メティスの宝はだが、妖精の宝。メティスを追って、異世界へ行っただろうね」
主神の知識で、色々な事が解って行く。
「機械神、諦めていなければ、宝探し中か、でなければ従神を狙うかな?」
「地球のメティス様に、危険はないでしょうか?」
「ん? だが、機械神は地球への交通手段が無い」
「では、やはり従神を・・・・・・」
考え、質問してを繰り返す。
「天界の緋緋色金が狙われるのでは?」
「だったら、天下分け目の大決戦だ。神と魔族の、総力戦になるな。人々、動植物、精霊、地上の多くが失われる」
「クラトス様」
畏れ多いと見つめていた、アドニスが挙手する。
「何かな?騎士殿」
「貴方が動けば、大魔王と言えど征伐出来るのでは」
「ふむ。だけど、これ程の、大勢力は、想定外でね」
「対抗出来ませんか?」
「強さの基準、戦闘能力SSR級以上の神は、クラトスを含めても、7柱しか残っていないからなあ」
「それが、この世界を創ったと言われる、創世の7神ですか?」
「面子は少し違うね。
この世界の創世神は、
天上神、冥界神、海神、妖精神、月の女神、加護の女神、神姫の7柱だよ」
ディアナは、ふむふむ。と、感心して聞く。
「流石、師匠です。筆頭じゃないですか!」
クラトスが、無邪気に喜ぶ弟子に微笑む。
ライオスも、アドニスも驚いていた。
(メティス・・・・・・様が、創世の7神だった!? 何てことをしてしまったんだ!)
「まあ、従神を揃えて出せば何とかなるか」
「クラトス様、実は」
◆
「・・・・・・冥従神にそんな仕掛けをしていたのか。なら、他の従神も危ないな」
「はい、メティス様はクラトス様に伝える様にと」
「メティスは、流石、出来る神だね」
ライオスが、眉間に皺を寄せ項垂れる。
「少し場所を変えよう」
ライオスを一瞥し、クラトスが、呪文を唱え始める。
「! 瞬間移動・・・・・・」
ディアナが、ワクワクと期待。
その通り、景色が変わる。そこは屋外。アルゴルの塔の下に見えていた平地。
続けて魔法。
「神聖結界!」
ディアナの言葉通り、輝く魔法陣が結界を形作る。
そこへ、全長20メートル。

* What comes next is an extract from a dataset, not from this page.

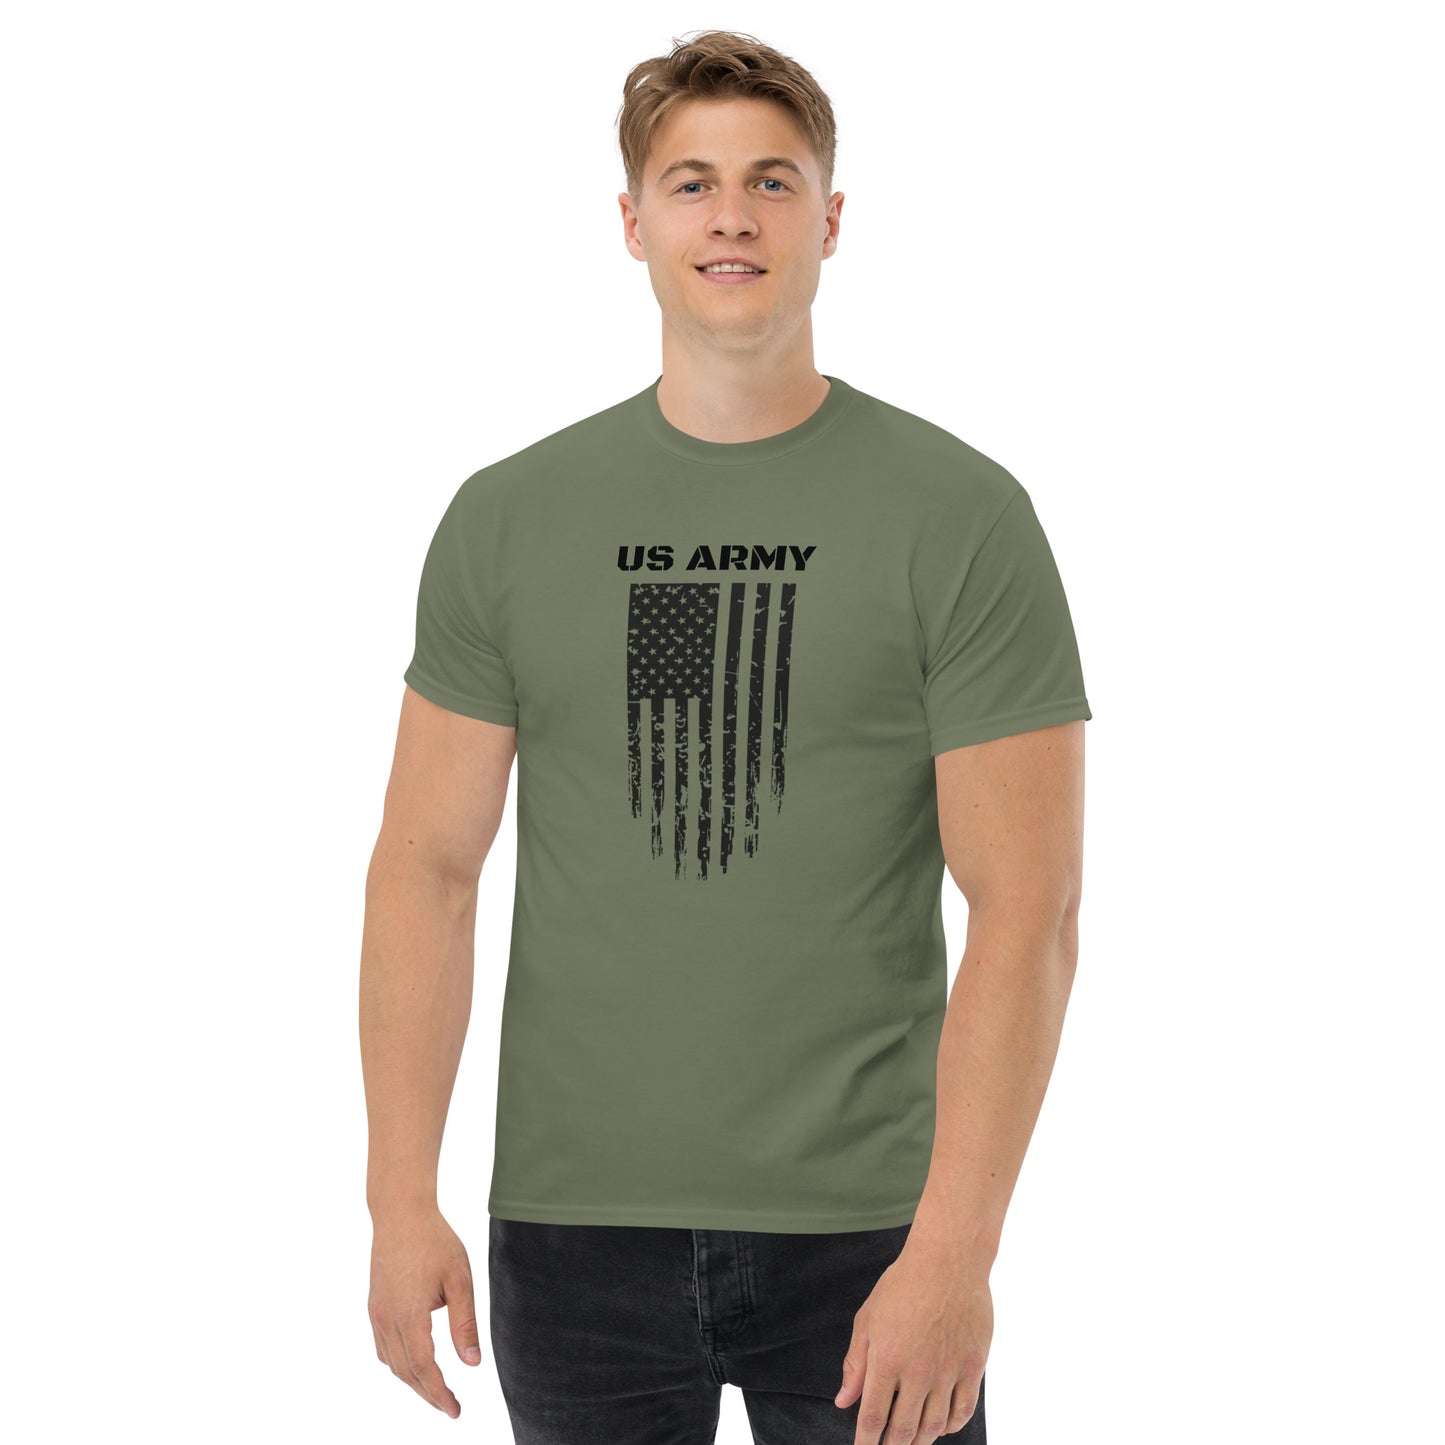 Honor Bound Gear "US Army" Men's T-shirt

聖従神ブリジットが現れた。
(メティスが、帰参してくれる迄、被害を抑えておかないと)
「弟子達、ブリジットのオリハルコン鋼核を調べるぞ」
「「はい!師匠!」」
クリムと、ディアナが頷き、魔法の師でもあるクラトスの作業を見つめた。
ライオスとアドニスに、そんな師弟の様子は微笑ましいものだった。
第十八話も、大幅に書き直してしまいました。